М.А. Розов, ссылаясь на Максвелла, который настаивал на необходимости живой связи между физическими факультетами и гуманитарными (включая филологию, историю, философию), пишет: «От специализации никуда не уйдешь, однако идея общего образования отнюдь не устарела, более того, она стала еще более злободневной. А наши старые университеты между тем сплошь и рядом превращаются в объединение обособленных друг от друга факультетов, связанных только административно» [6]. В этом случае университеты теряют свою идею. Ученые совершенно разных направлений должны обогащать друг друга идеями и подходами. «Бор… не был специалистом в области гуманитарных наук, а Бахтин не знал квантовую механику на уровне специалиста физика. Но этого и не требуется для создания научных метафор. Необходимо знать основные идеи, проблемы, способы построения теории. Надо видеть и уметь находить категориальный изоморфизм разных и внешне совершенно не похожих друг на друга дисциплин. Иными словами, надо учить философскому, точнее, методологическому мышлению» [7]. Кстати говоря, при таком подходе снимается вопрос о необходимости гуманитарной составляющей образования. Более того, если мы учтем значение гуманитарных дисциплин в формировании этической позиции студента, их роль оказывается еще более существенной.
Действительно, настоящее университетское образование несет в себе мощный этический заряд, поскольку в обязательном порядке формирует личностные ценности. «В основании идеи университета лежат три принципа: свобода, универсальность и моральность. Эти принципы взаимосвязаны, их практическое осуществление невозможно в отрыве друг от друга. Центральное место принадлежит принципу свободы» [8]. Но те тенденции, которые просматриваются за осуществляемыми реформами, последовательно отрицают и моральность, и универсальность, и свободу. В такой последовательности о них и пойдет разговор.
 
Образование как услуга и плагиат как способ учебы
 
Сейчас демонстрируется и пропагандируется утилитарный подход к обучению, выражающийся в нацеленности на диплом либо, в лучшем случае, на получение конкретных знаний по определенной узкой специальности. Тем самым фактически снимается вопрос о ценностях. Это выражается, во-первых, в подходе к образованию как к услуге и, во-вторых, в легализованных формах плагиата, распространенность которого в России превосходит все мыслимые пределы. Эти два момента стоит рассмотреть подробнее.
Идеология «услужающего» подхода состоит в следующем: образование является услугой, доставляемой преимущественно при помощи языка, т.е. включается в общественную систему на тех же основаниях, что и торговля.

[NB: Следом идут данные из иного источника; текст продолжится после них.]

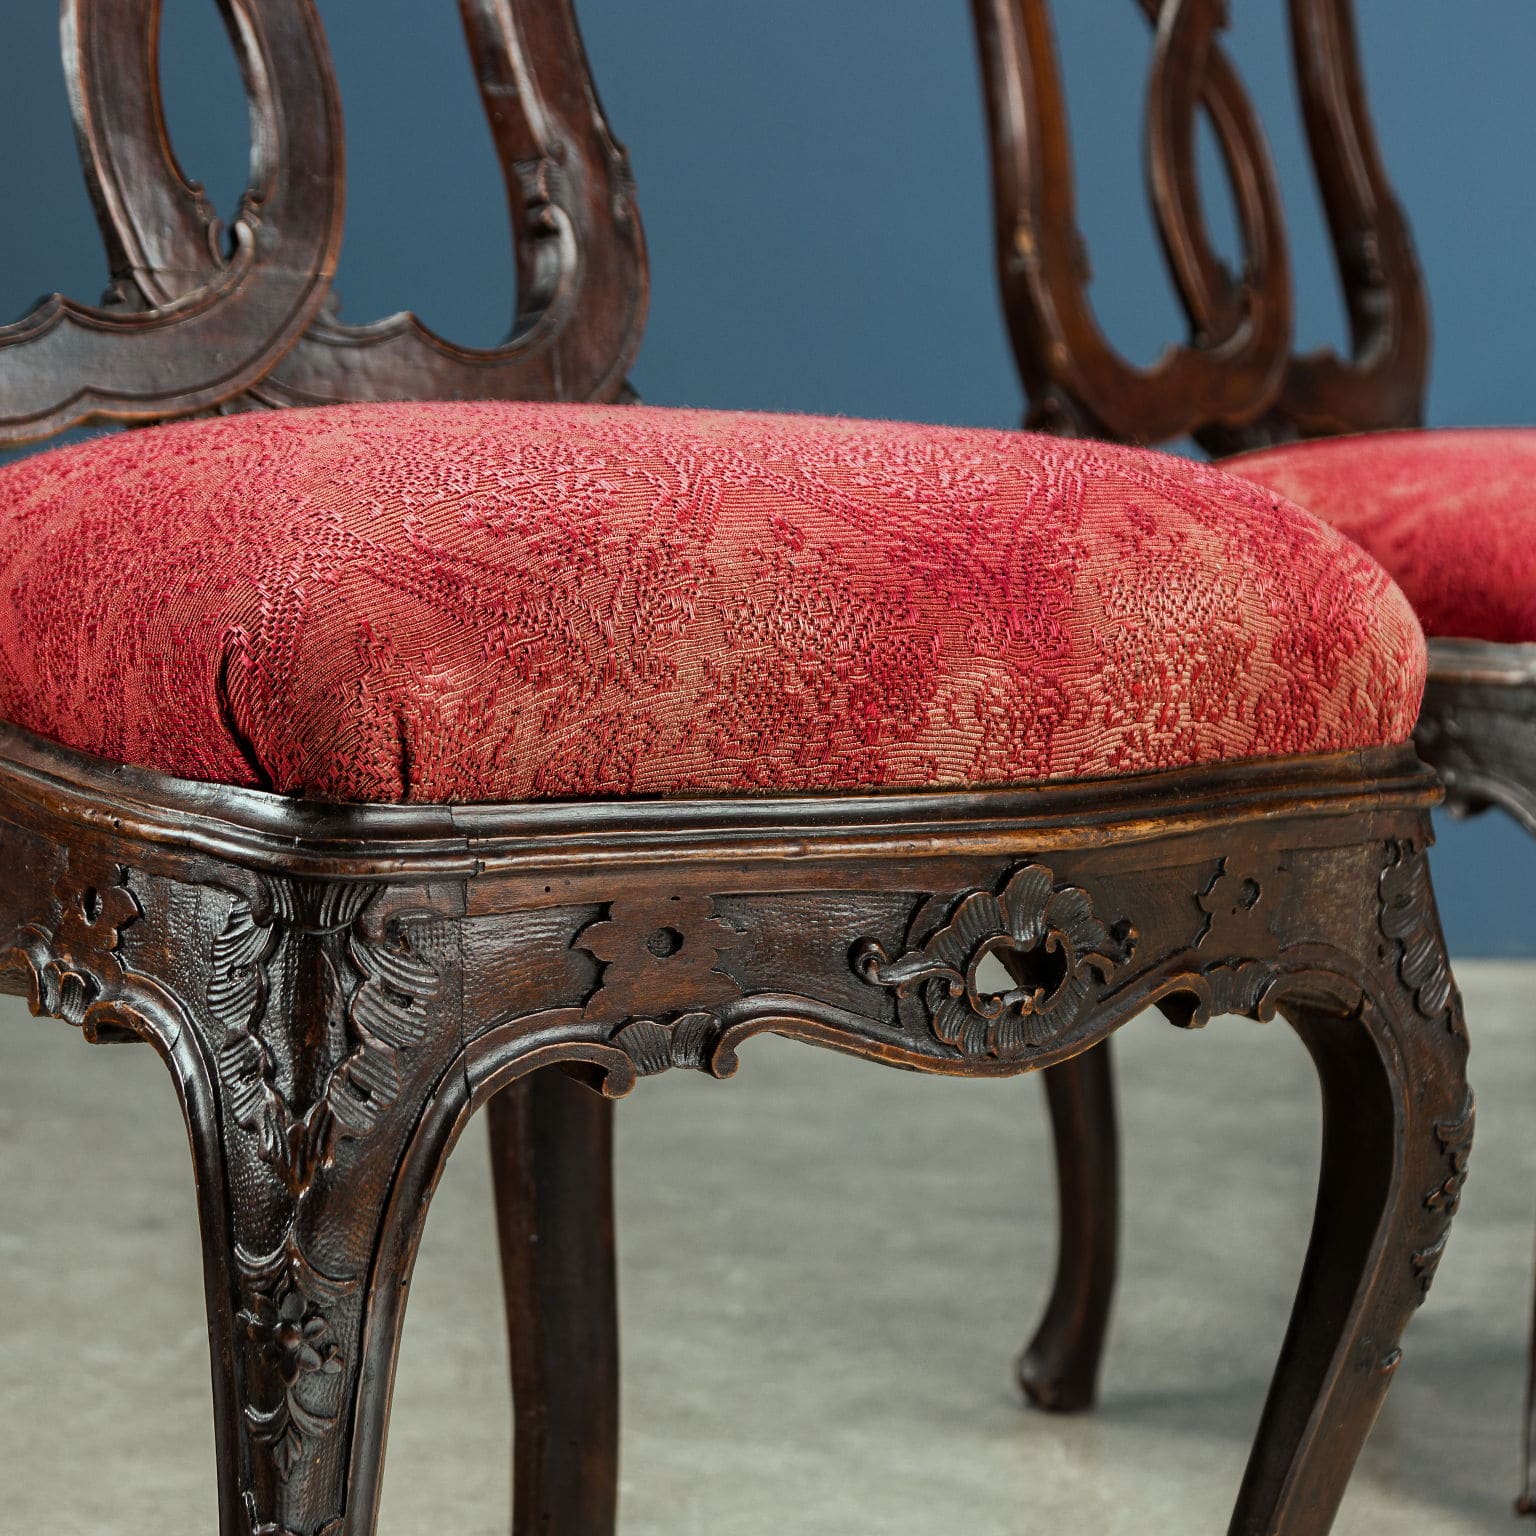 baroque chairs

Рыночная модель, взятая в чистом виде, переводит любые отношения в план купли-продажи. Авторитет учителя-служащего при этом оказывается на уровне (если не ниже) авторитета парикмахера, а его общественное служение оказывается равным его заработной плате.

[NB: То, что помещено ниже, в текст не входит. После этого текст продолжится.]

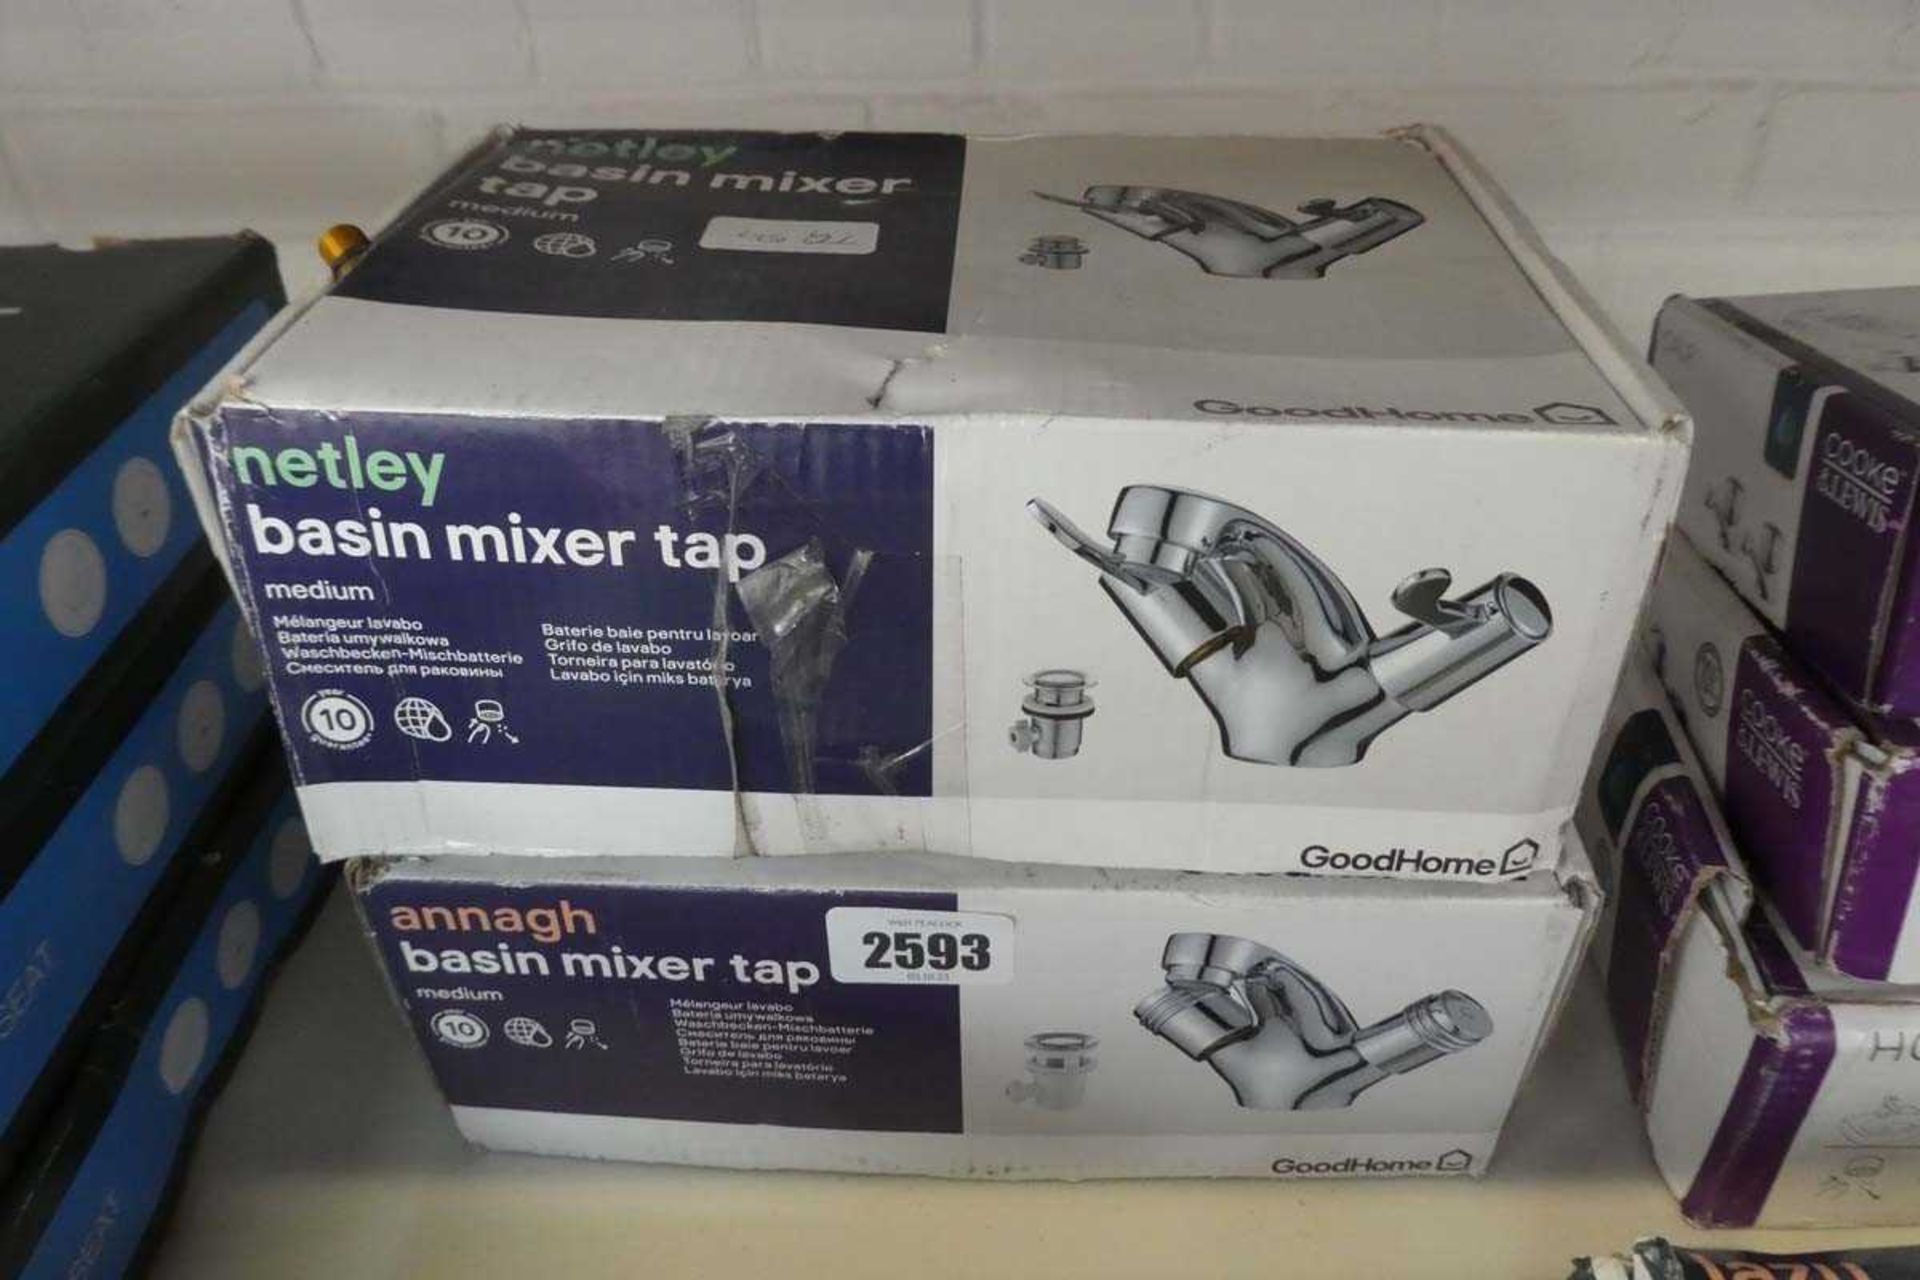 2 boxed chrome basin mixer taps, made by Good Home, Series Netley and Annagh

Но при таком подходе теряет свой смысл само понятие «образование». Его этимология восходит к слову «образовывать», т.е. создавать, делать чем-то определенным, формировать. А значит, образование — это уже не просто услуга и передача информации. Настоящий учитель заставляет думать, открывать новые горизонты, читая вместе с ребятами великую книгу живой природы, гениальных прозрений. Неужели учитель истории осуществил платную услугу, привив ученикам любовь к своему предмету? А как тогда быть с патриотизмом? С формированием гражданской позиции?
Но, как это ни грустно, в действительности происходит то, что происходит. Снижение статуса учителя и система тестов толкают к тому, чтобы воспринимать любой предмет лишь как объем определенной информации.

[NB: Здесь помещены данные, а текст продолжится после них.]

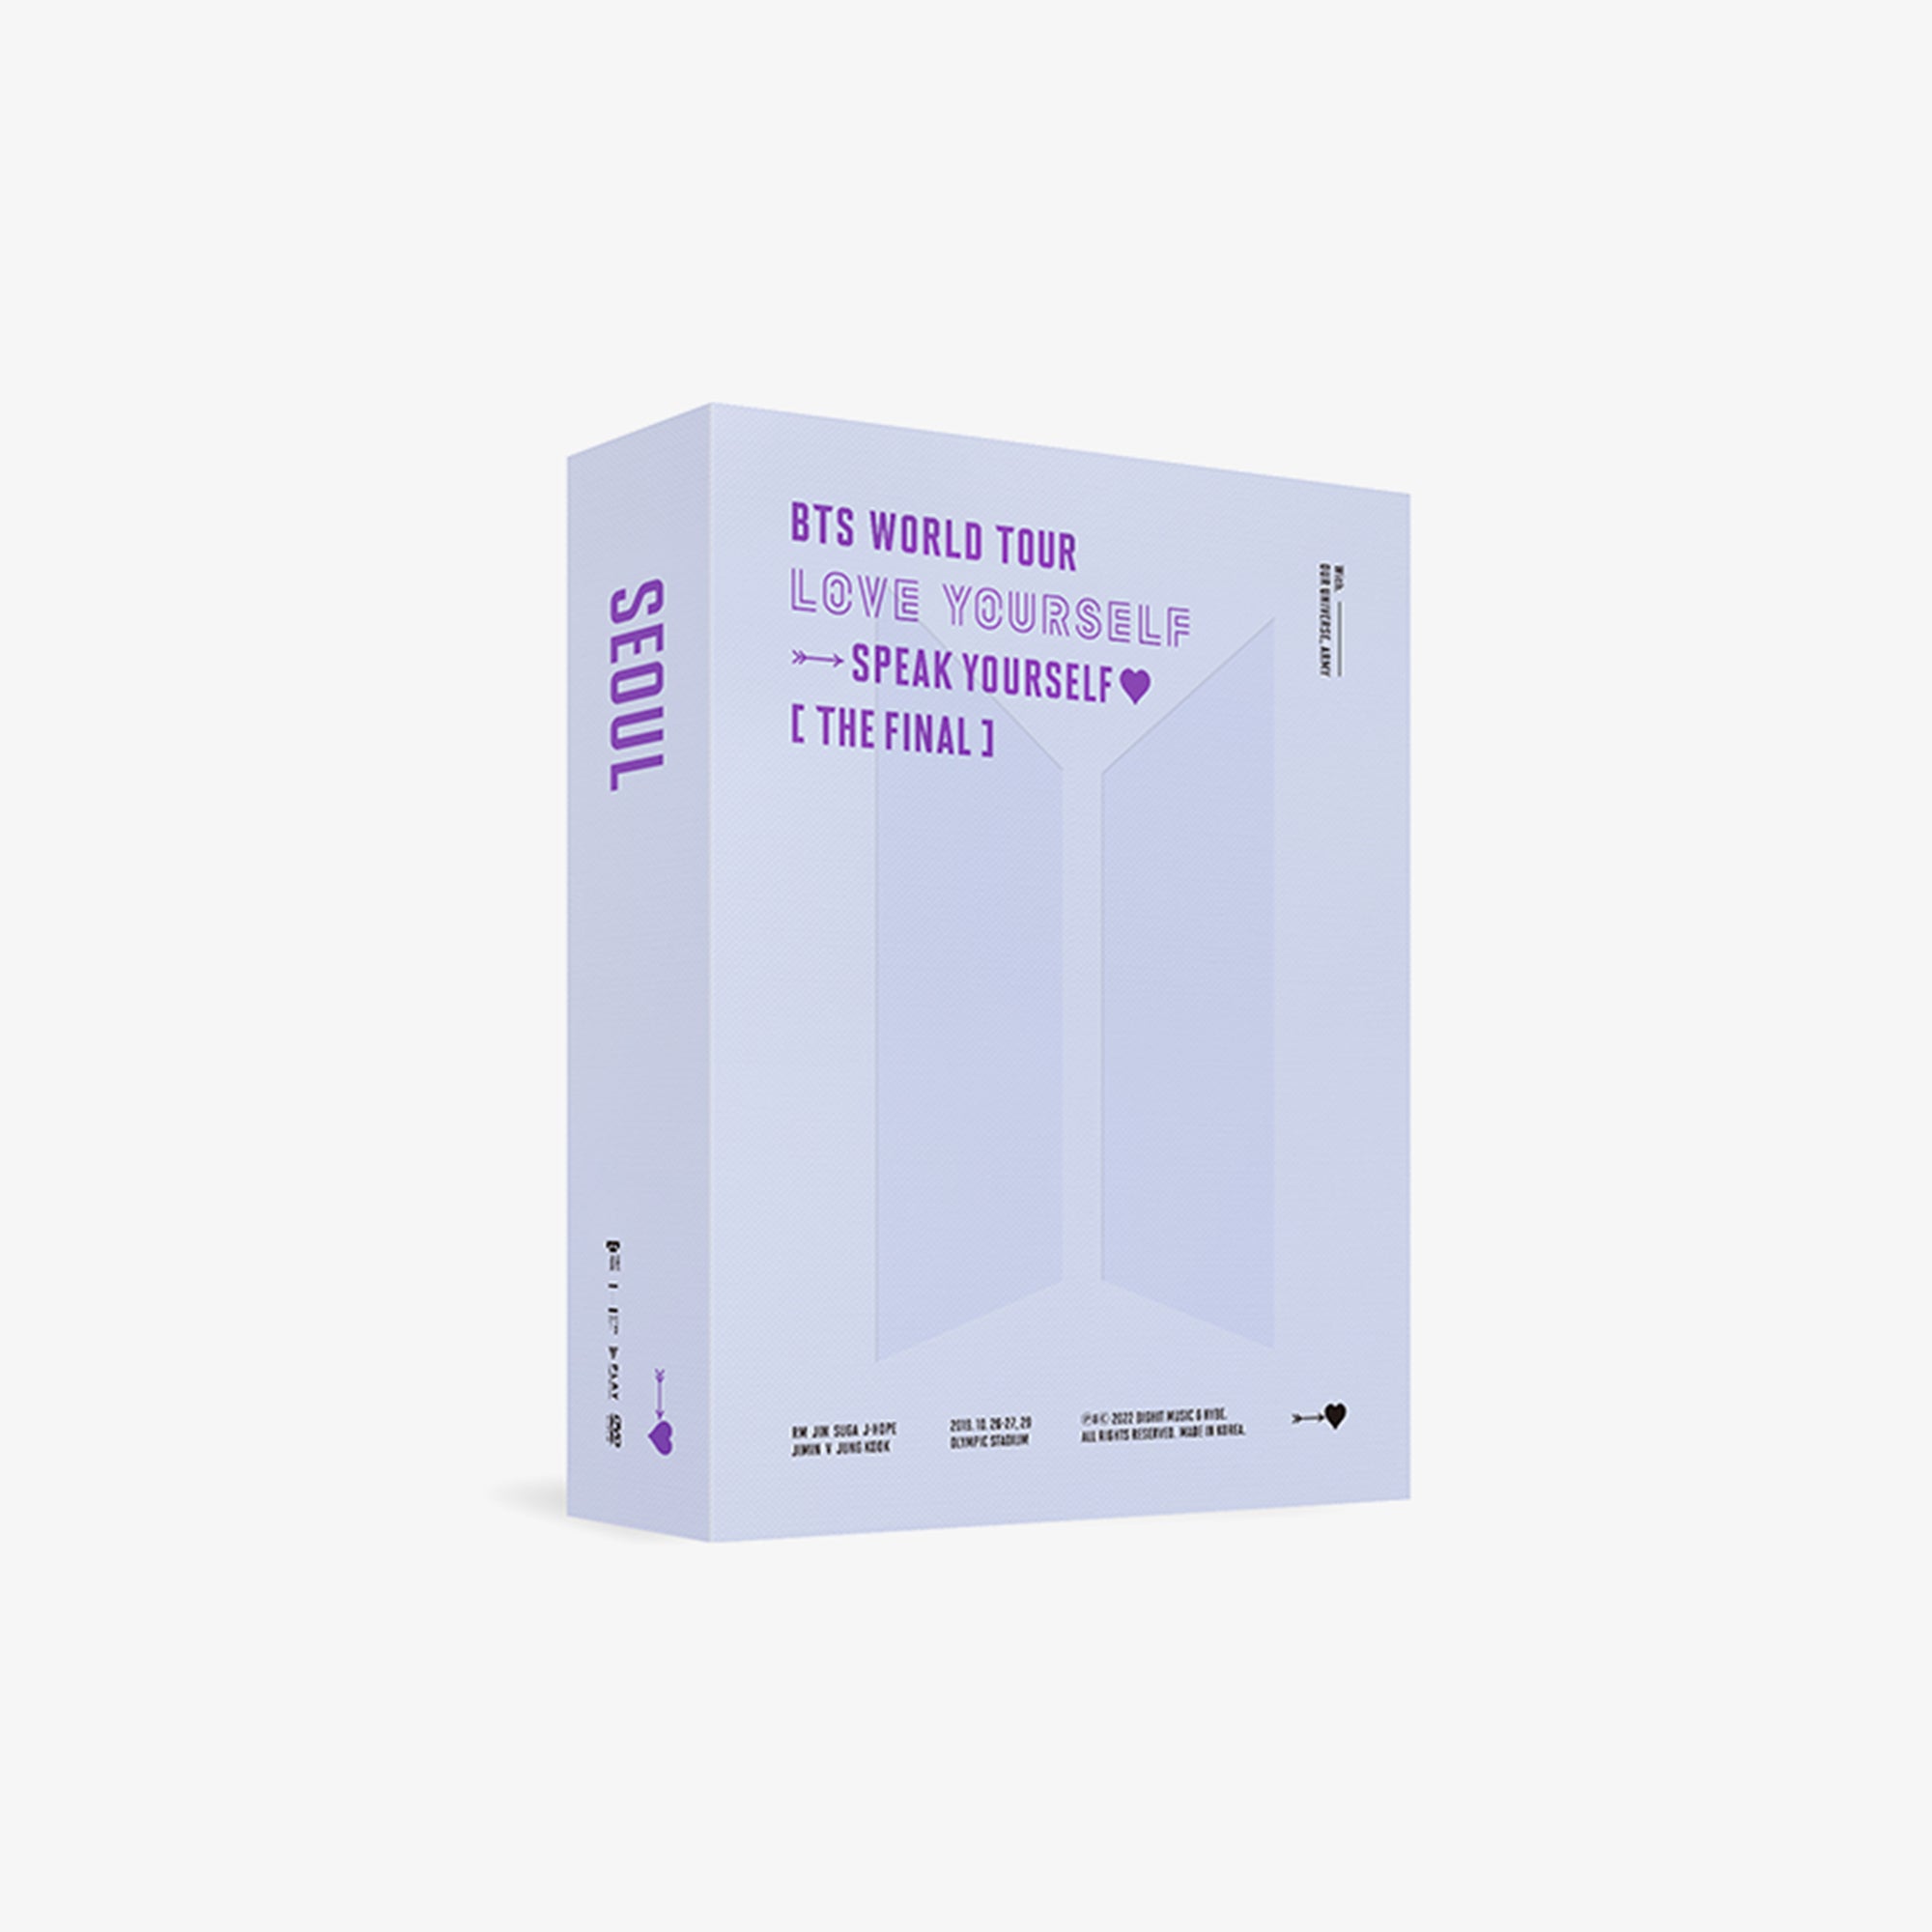 BTS WORLD TOUR LOVE YOURSELF 'SPEAK YOURSELF♥' [THE FINAL] (DVD) COVER

Второй момент — деятельность фирм, освобождающих студента от необходимости самостоятельного выполнения любых письменных работ. Конечно, всегда были те, кто учился (сдавал экзамены) за более слабых, всегда были попытки списывать… Но это никогда не приобретало промышленных масштабов. Сейчас в магазинах продаются шпаргалки по всем предметам, специально напечатанные петитом на тончайшей бумаге. Регистрируются фирмы, оказывающие якобы консультационные услуги, а на деле продающие контрольные, курсовые, дипломные работы… Телефоны этих фирм украшают даже стены университетских зданий. В вузовских (!) киосках можно купить диски с «коллекциями рефератов». При такой распространенности «консультационного» бизнеса студенты начинают воспринимать плагиат как вполне приемлемый способ получения положительных оценок. А чего стоит более «добросовестная» практика складывания собственных работ из кусков текстов, найденных в интернете. И при этом, что особенно страшно, создается иллюзия учебы, в то время как в действительности предмет не осваивается и ни одно понятие студентом не продумывается. Университет, который в соответствии со своей идеей должен учить исследовательской работе — а она подразумевает умение работать с источниками и соответствующую этой работе честность (не случайно со средневековья существует традиция ссылок), — наставляет противоположному.
Между прочим, вполне можно рассматривать эту ситуацию и как начальную школу коррупции — получение некоторых благ (оценок) за присвоение чужих текстов, т.е. в результате мошенничества при государственной поддержке. Отсутствует пока только служебное положение, а привычка считать чужое своим уже налицо. Необходимо сказать и о возникающей зависимости студента от непонятых им текстов. Вместо формирования чувства внутренней свободы университетом воспитывается нечто совершенно иное.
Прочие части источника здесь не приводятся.